Commercial Bank Risk Management: Practices and Challenges in Central Asia — A Case Study of Kazakhstan
Abstract
Against the backdrop of accelerating global change and mounting economic uncertainty, financial stability has emerged as a fundamental prerequisite for sustainable economic development. As the core component of the financial system, commercial banks’ risk management capabilities directly determine the stability and sound operation of the entire financial system. The 2008 global financial crisis exposed numerous deficiencies in risk management practices within the international banking industry, prompting the Basel Committee on Banking Supervision to formulate Basel III. This framework aims to enhance the quality of bank capital, introduce liquidity regulatory standards, and strengthen the macroprudential regulatory architecture.

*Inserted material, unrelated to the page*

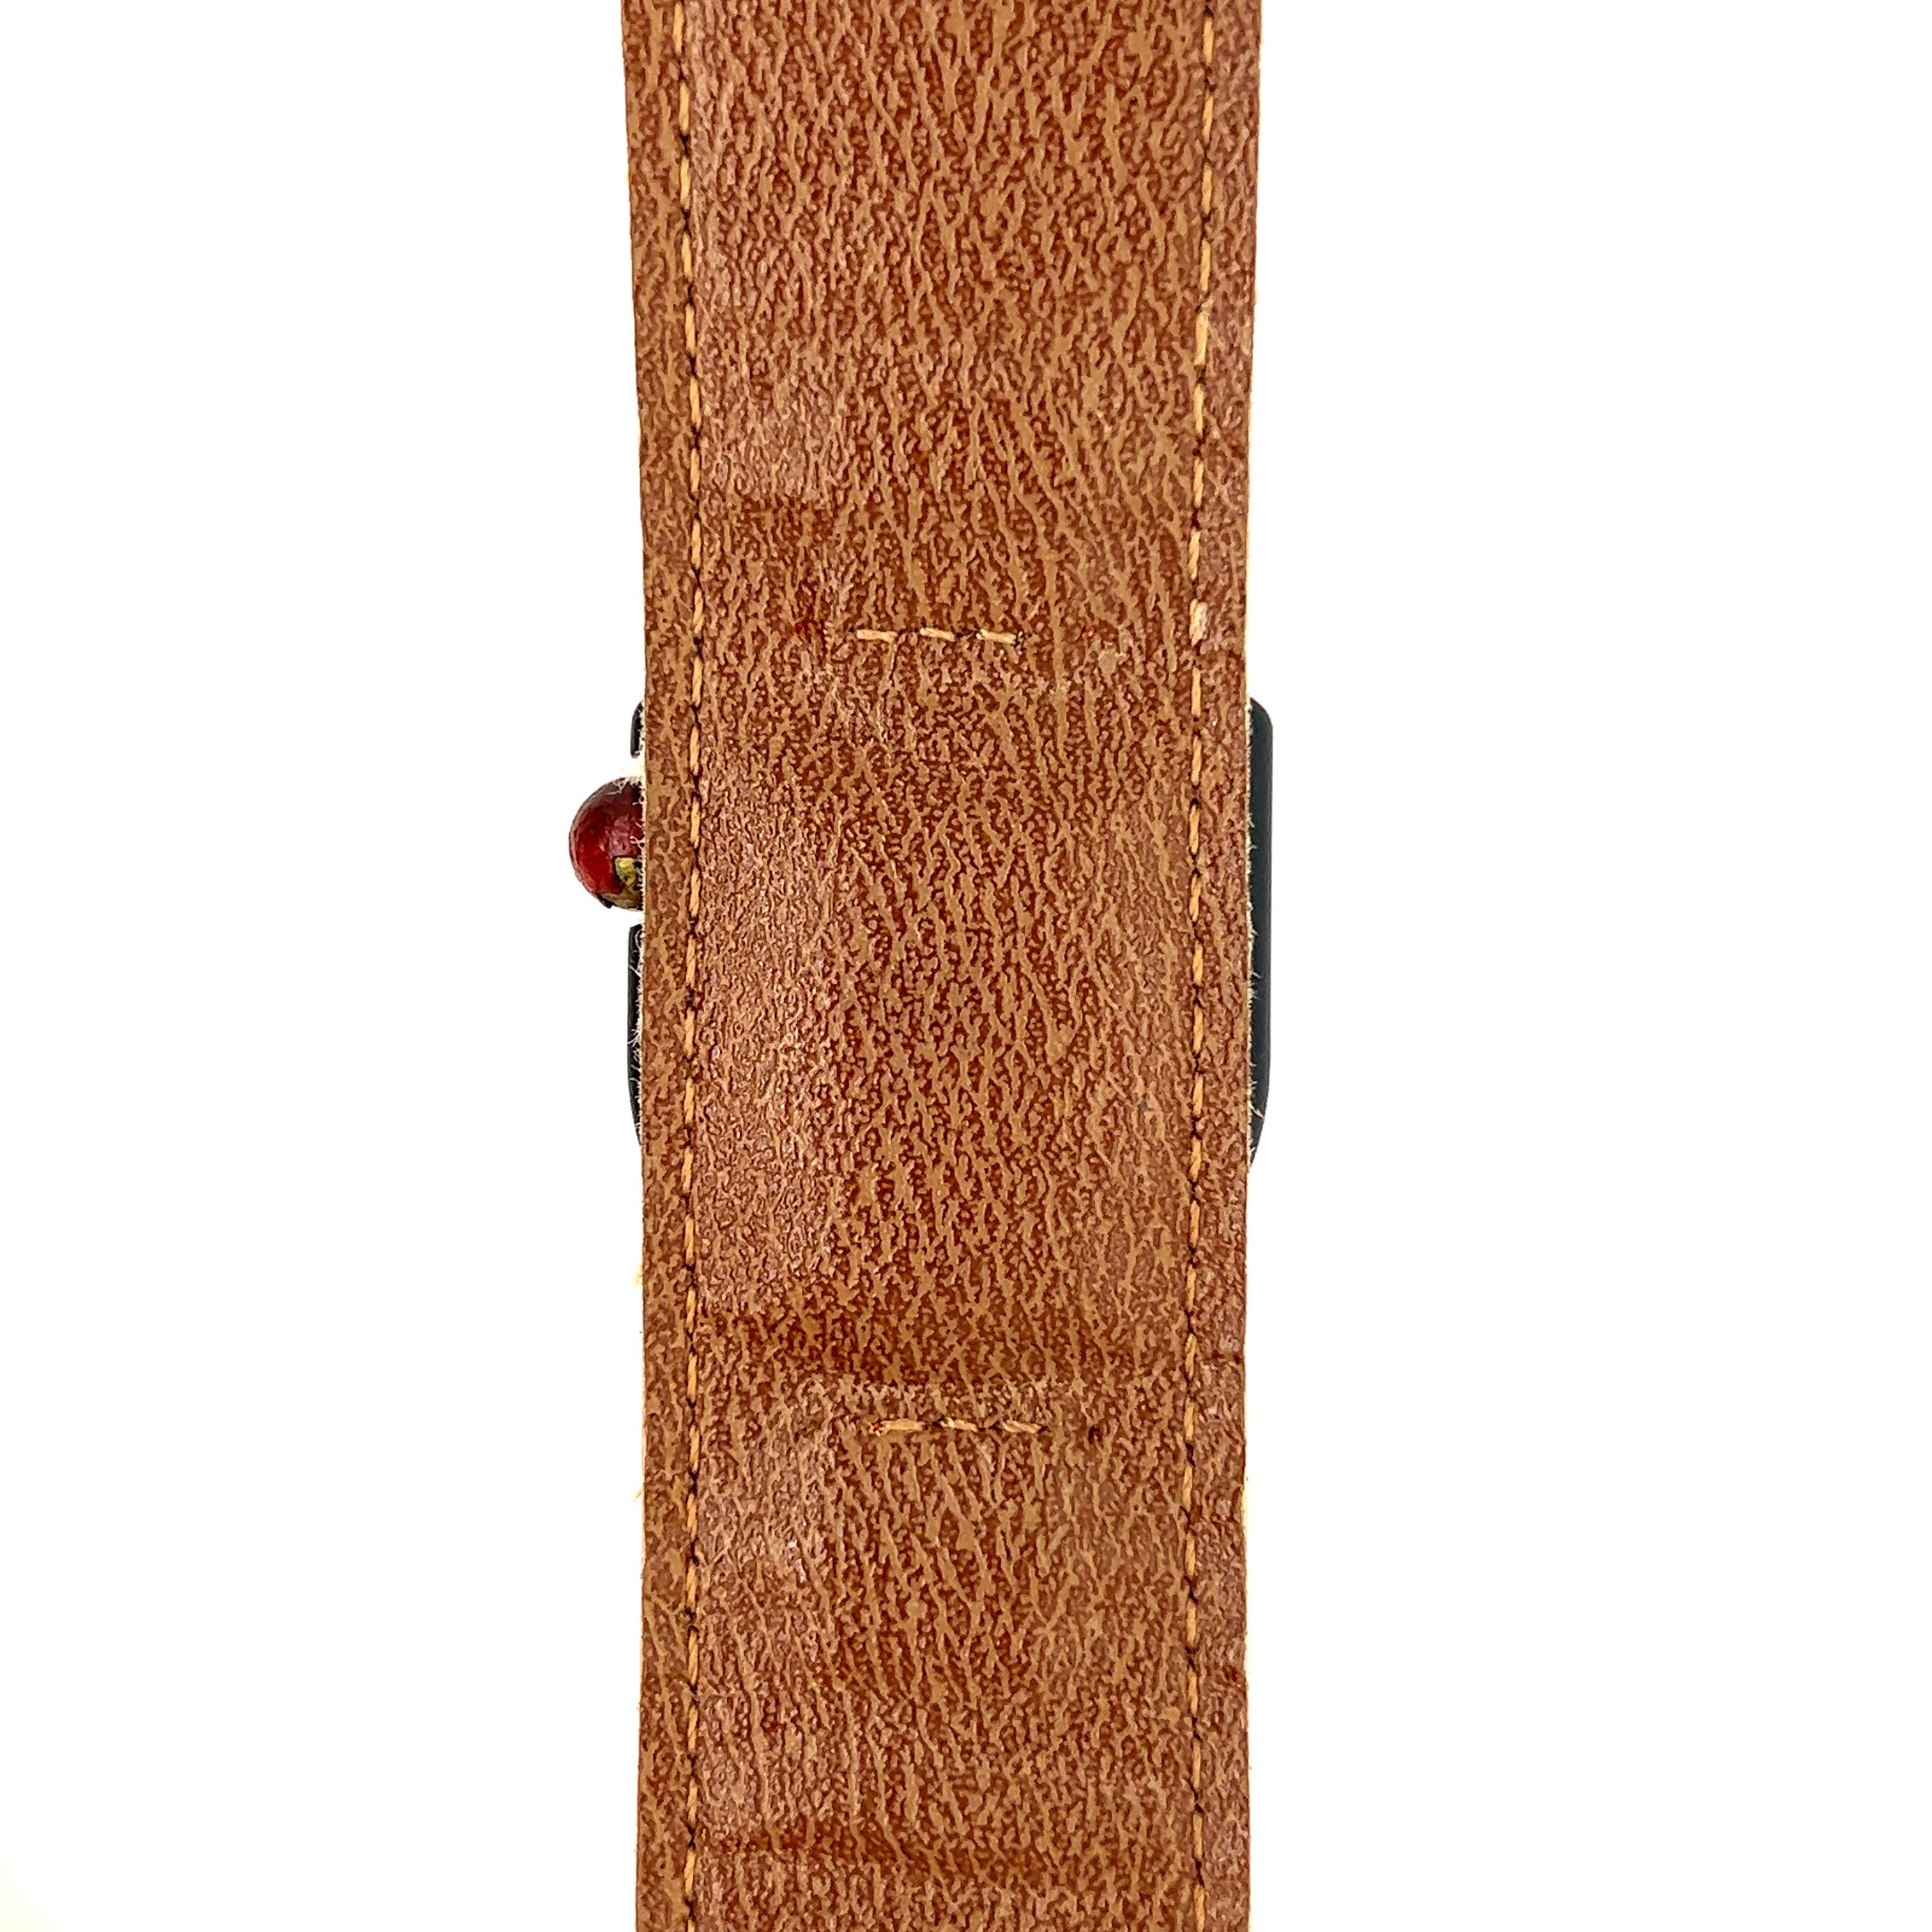 La montre pour femme LIP avec bracelet orange et boîtier en métal noir est une pièce vintage de 1974 conçue par Roger Tallon. Dotée d'un bracelet en cuir orange, d'un mouvement mécanique T13 de haute qualité et d'une forme asymétrique emblématique,
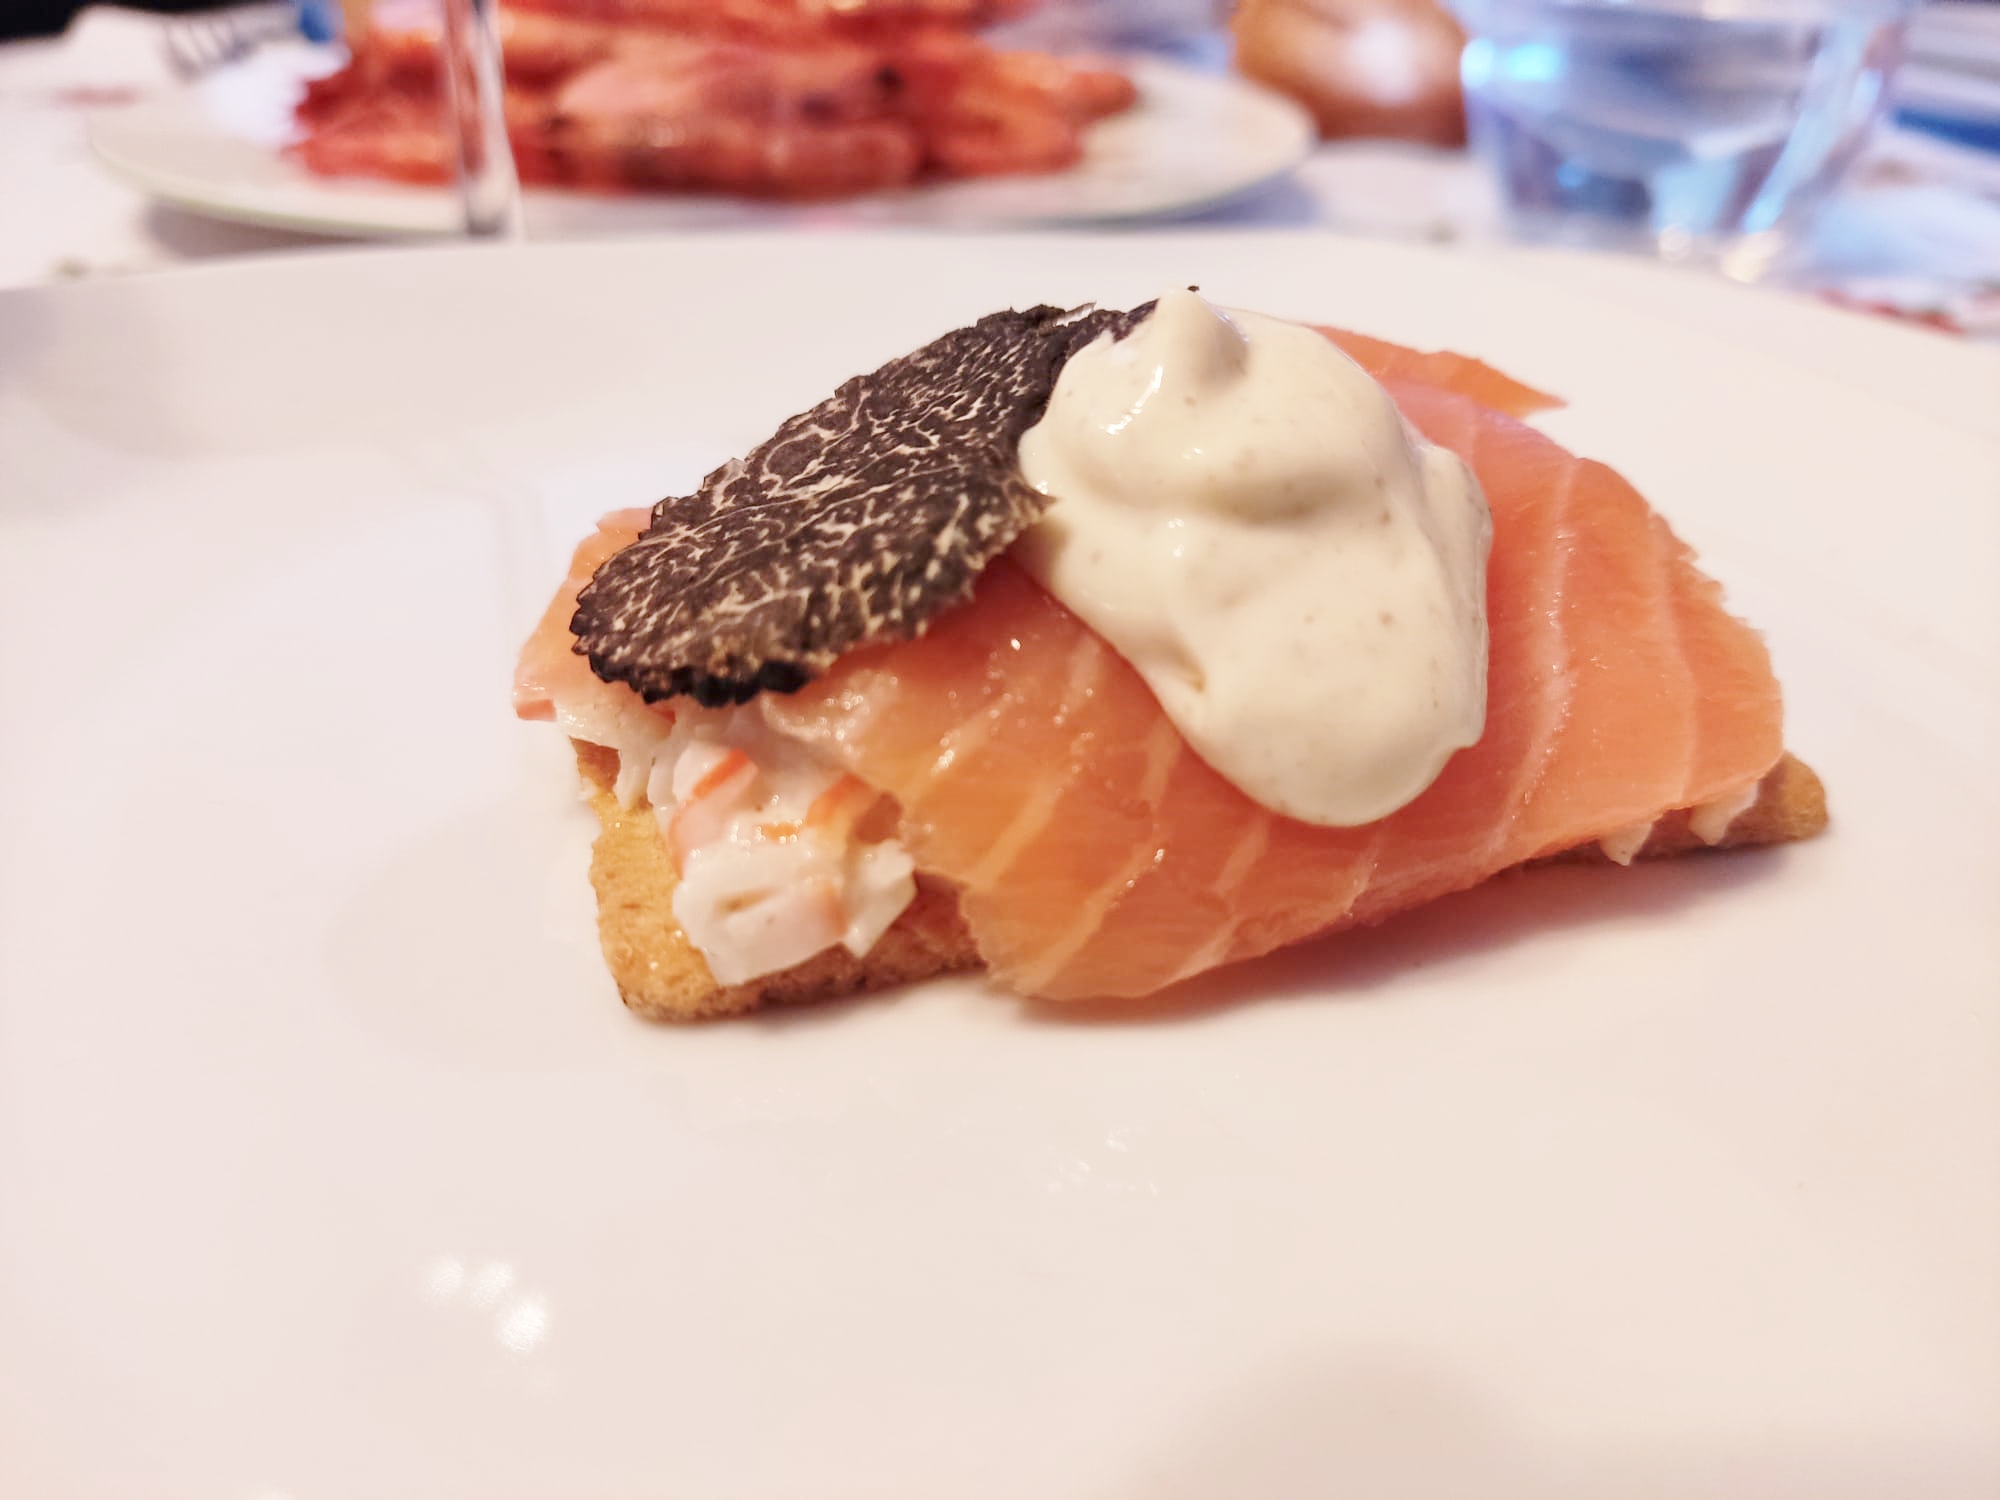 Salmon canapé with truffle mayonnaise

Central Asia occupies a pivotal position in the Belt and Road Initiative, and the stability and development of its financial markets carry substantial significance for regional economic cooperation. As the largest economy in Central Asia, Kazakhstan’s banking sector risk management practices exert an important demonstrative effect on neighboring countries. According to statistics from the National Bank of Kazakhstan, as of early 2025, the country was home to 22 commercial banks with total banking assets of approximately USD 57.6 billion, accounting for more than 60% of GDP. Therefore, an investigation into risk management practices among commercial banks in Kazakhstan carries important theoretical and practical implications for understanding financial stability in Central Asia and advancing regional economic cooperation.